Le salarié peut-il demander à faire du télétravail ?

Oui, mais l’employeur n’a pas d’obligation légale de faire droit à cette demande.

(dernière mise à jour au 14.03.2022)

L’employeur peut-il m’obliger à télétravailler ?

L’employeur a l’obligation légale d’assurer la sécurité et la santé des salariés dans tous les aspects liés au travail.

À cette fin, dans le contexte actuel de pandémie, il peut imposer le télétravail.

Les salariés en télétravail doivent-ils retourner au bureau ?

La recommandation est de continuer à travailler à distance si possible.

Selon la Direction de la santé, « pour les employés des entreprises privées – institutions financières, services… – et du service public, « le télétravail reste privilégié. Nous ne sommes pas sortis de la crise sanitaire. Les mesures prises par le gouvernement s’appliquent toujours. ».

(dernière mise à jour au 29.7.2021)

Quelles sont les règles à respecter ?

La mise en place du télétravail à domicile doit faire l’objet d’un accord entre le salarié et son employeur. Les représentants du personnel doivent être consultés, respectivement elle doit donner son accord dans les entreprises qui comptent 150 ou plus de salariés.

L’employeur fournit, installe et entretient les équipements nécessaires au télétravail. Si, exceptionnellement, le télétravailleur utilise son propre équipement, l’employeur en assure l’adaptation et l’entretien.

L’employeur prend en charge, dans tous les cas, les coûts directement engendrés par ce travail, en particulier ceux liés aux communications.

L’employeur fournit au télétravailleur un service approprié d’appui technique.

L’employeur assume la responsabilité des coûts liés à la perte ou à la détérioration des équipements et des données utilisées par le télétravailleur.
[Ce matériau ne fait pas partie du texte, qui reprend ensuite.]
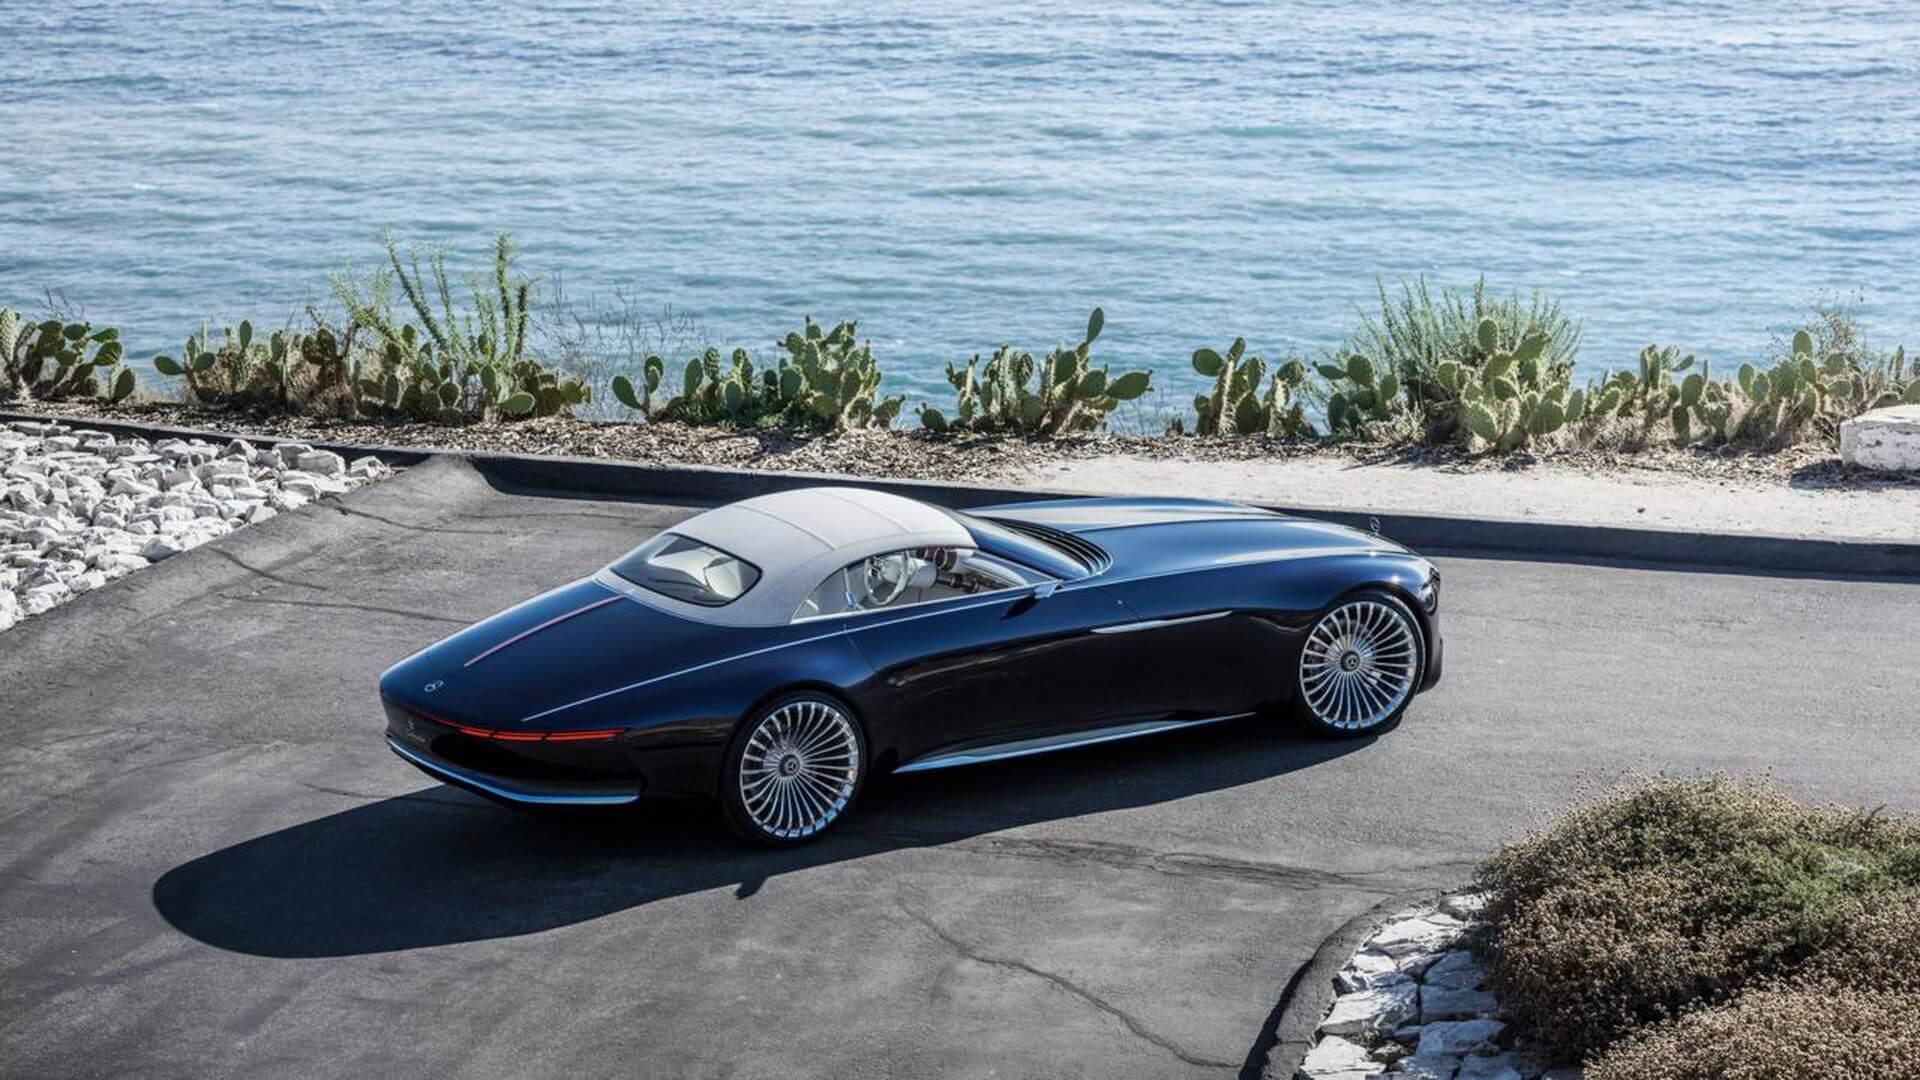 Двухместный электромобиль Vision Mercedes-Maybach 6 Cabriolet

En cas de panne ou de mauvais fonctionnement des équipements de travail, le télétravailleur doit en aviser immédiatement l’entreprise suivant les modalités fixées par celle-ci. Le télétravailleur prend soin des équipements qui lui sont confiés.

(dernière mise à jour au 14.03.2022)

Quelles sont les conséquences au niveau fiscal si je suis frontalier ?

Selon des conventions internationales contre les doubles impositions, l’imposition des revenus se fait dans l’état où la profession est exercée. L’imposition est maintenue à 100% au Luxembourg si les seuils suivants ne sont pas dépassés :

  • Belgique : maximum 24 jours de travail par an hors du Luxembourg, depuis l’année fiscale 2015 ; ce chiffre a été augmenté à 34 jours à partir de 2022 ;
  • France : maximum 29 jours de travail par an hors du Luxembourg, à partir de l’année fiscale 2020 ;
  • Allemagne : maximum 19 jours de travail par an hors du Luxembourg, depuis l’année fiscale 2011.

Attention : en cas de dépassement de ces seuils (en ajoutant les jours de télétravail et d’activité dans tout autre pays que le Luxembourg), le salaire en relation avec l’intégralité des jours travaillés en dehors du Luxembourg est imposable dans le pays de résidence du salarié.

Des accords ont été signés afin que le télétravail d’un salarié frontalier dans le contexte de la lutte contre la propagation du COVID-19 n’ait pas d’incidences au niveau fiscal :

  • frontalier belge : jusqu’au 31 mars 2022 ;
  • frontaliers français : jusqu’au 31 mars 2022 ;
  • frontalier allemand : jusqu’au 31 mars 2022.

Pour la France et la Belgique, il est prévu que, en l’absence de dénonciation par la France (1 semaine avant) et par la Belgique (2 semaines avant), l’accord soit tacitement prolongé jusqu’au 30 juin 2022.

Ainsi les jours pendant lesquels les travailleurs frontaliers sont amenés à travailler depuis leur domicile en raison des mesures prises pour combattre la pandémie de COVID-19, ne sont pas pris en compte comme jours prestés dans l’État de résidence du frontalier.

(dernière mise à jour au 26.01.2022)

Quelles sont les conséquences au niveau de l'affiliation à la sécurité sociale si je suis frontalier ?

Les personnes qui résident en dehors du Luxembourg restent affiliées au régime luxembourgeois de sécurité sociale à condition de ne pas travailler plus de 25% dans leur pays de résidence (environ 1,5 jour par semaine, calculé sur douze mois).

Il a été entendu au niveau européen de déroger au seuil applicable de 25% en raison de cette pandémie jusqu’au 30 juin 2022.